• [Recorded data]:
_ _ _ _ _

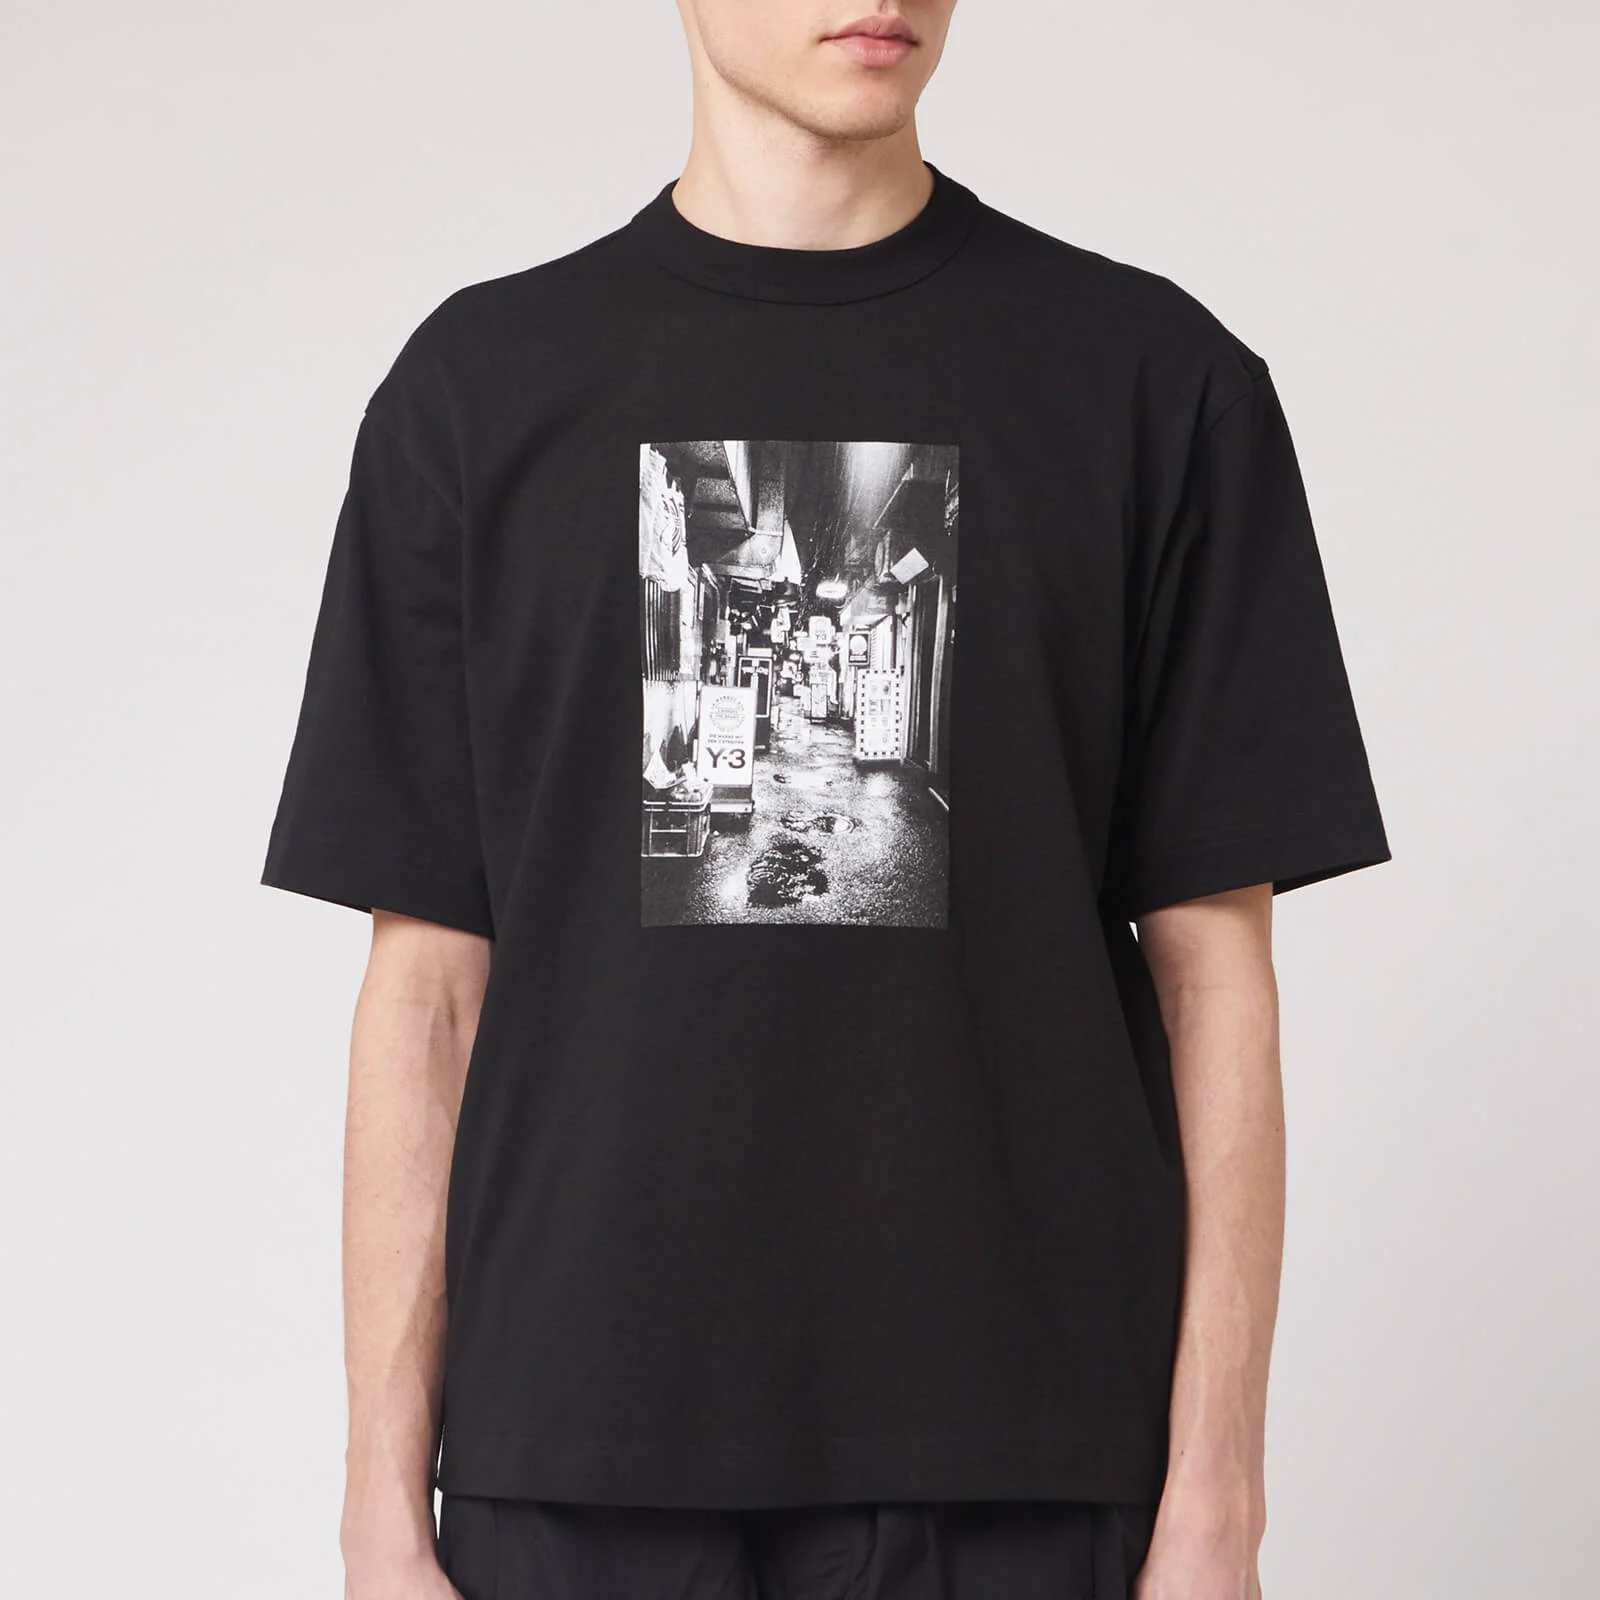 Y-3 Men's Alleway Graphic Short Sleeve T-Shirt - Black Image 1
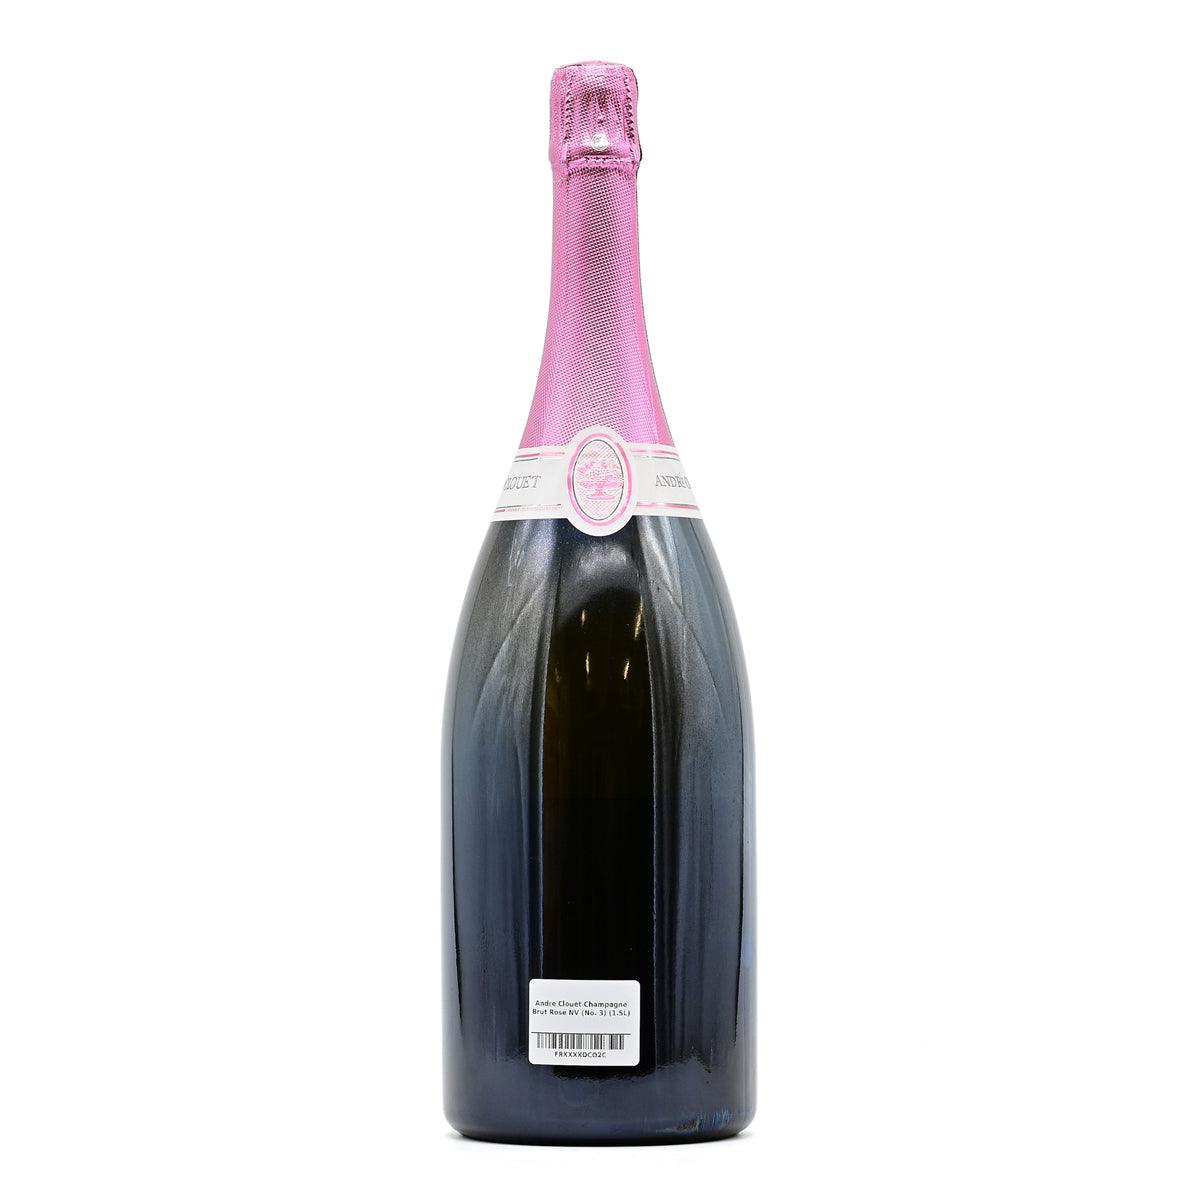 Andre Clouet Champagne Brut Rose NV (No. 3) (1.5L) - Rose Champagne - GDV Fine Wines® - 1500ml, Bouzy, Champagne, Champagne Andre Clouet, France, JS93, Non-Vintage, Rose Champagne, WA93, Wine Product
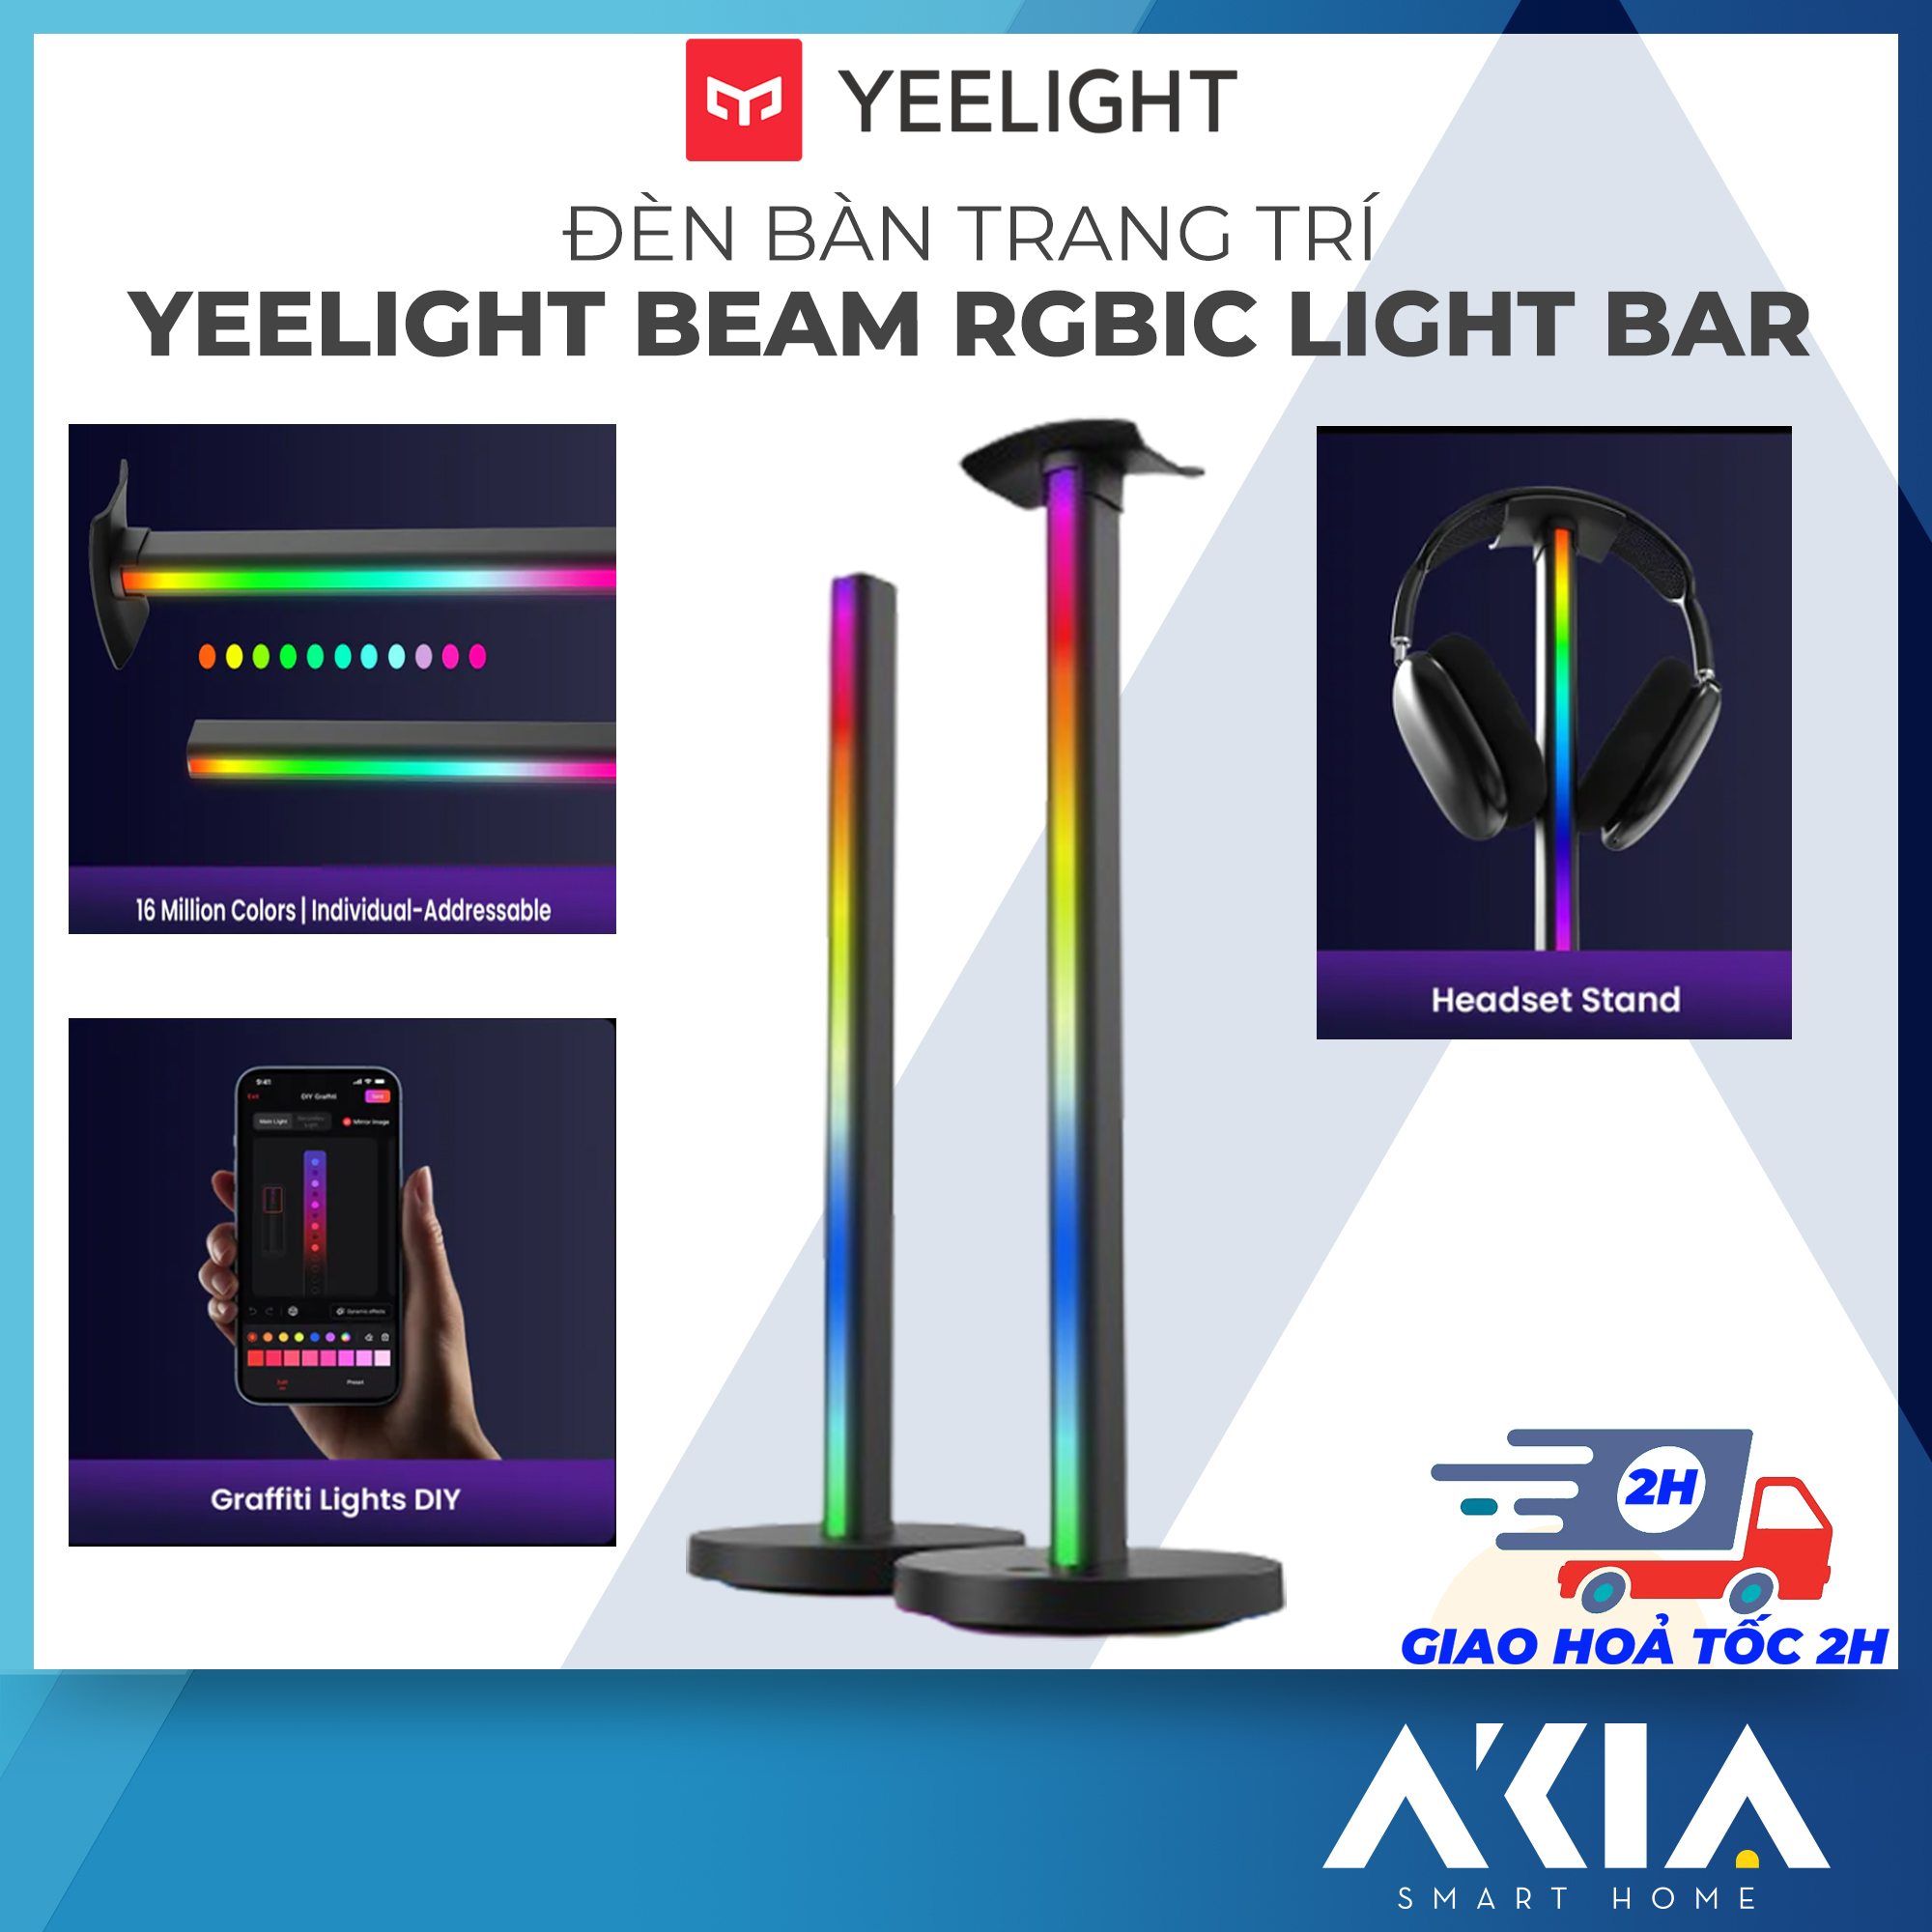 Yeelight Beam RGBIC Light Bar- 16 million colors, music sync
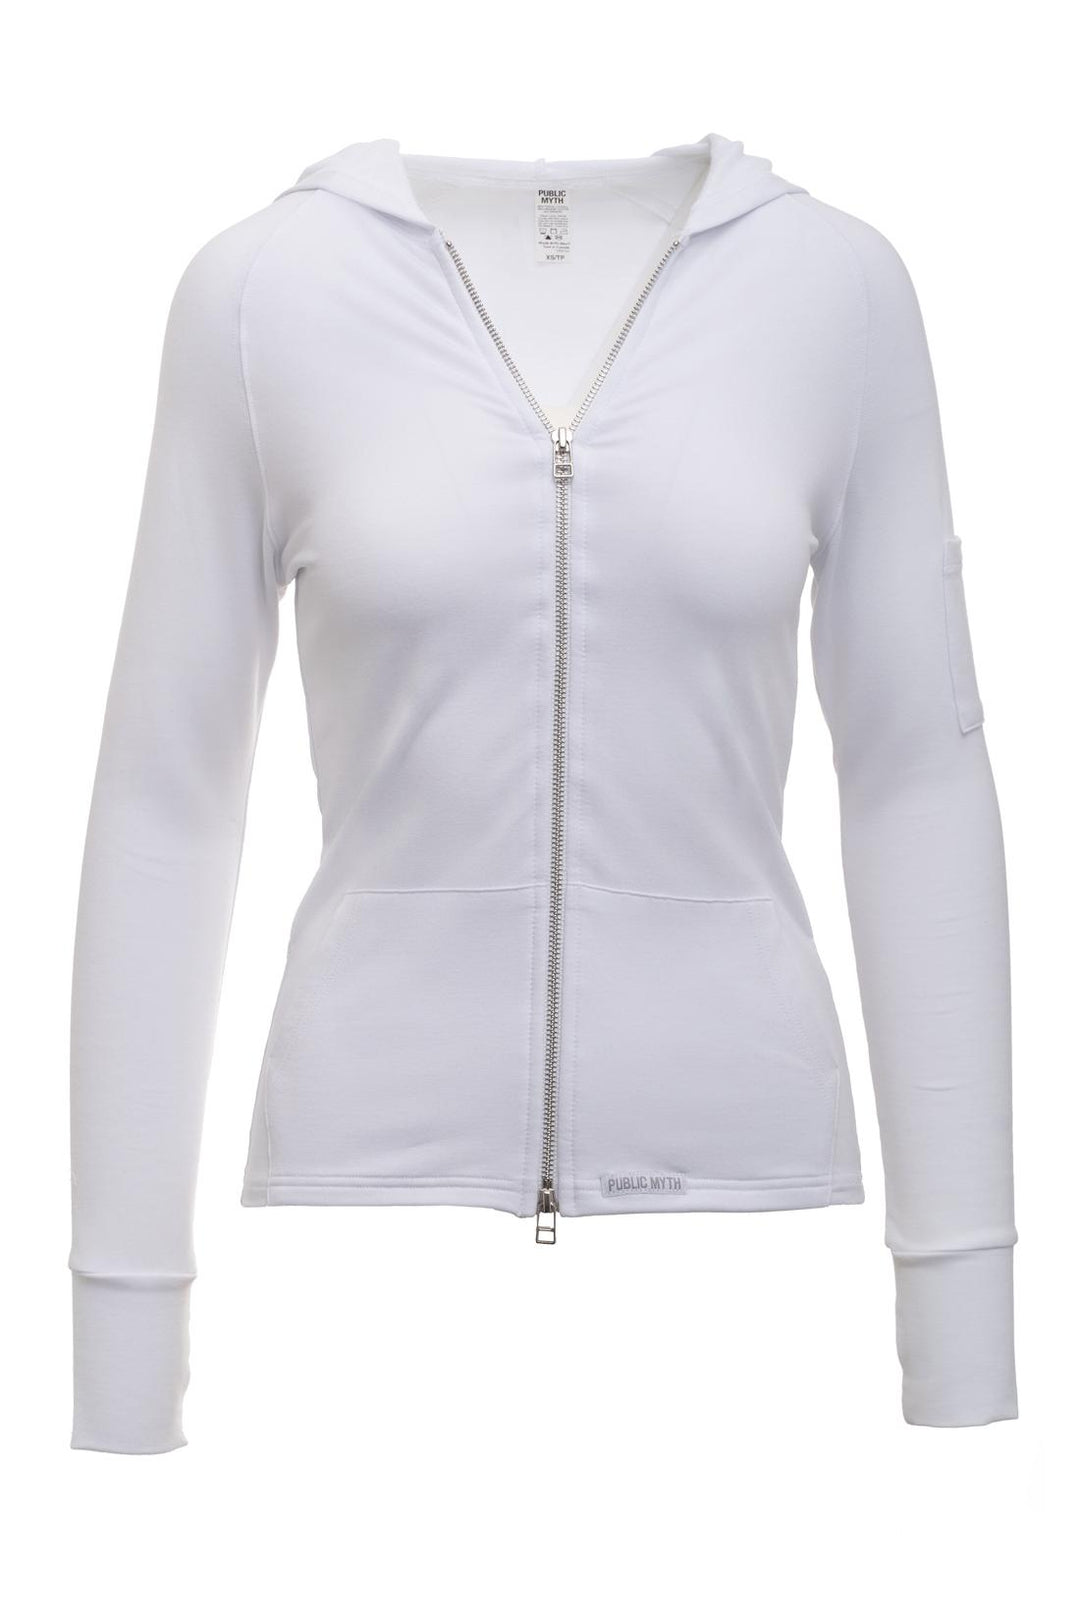 White zip up hoodie for women

_ _ _ _ _

• [Your goal]: Retype the listing verbatim, minus every image.

• [Task output]:
 Y-3 Men's Alleway Graphic Short Sleeve T-Shirt - Black Image 1
 Andre Clouet Champagne Brut Rose NV (No. 3) (1.5L) - Rose Champagne - GDV Fine Wines® - 1500ml, Bouzy, Champagne, Champagne Andre Clouet, France, JS93, Non-Vintage, Rose Champagne, WA93, Wine Product
 Yeelight Beam RGBIC Light Bar- 16 million colors, music sync
 White zip up hoodie for women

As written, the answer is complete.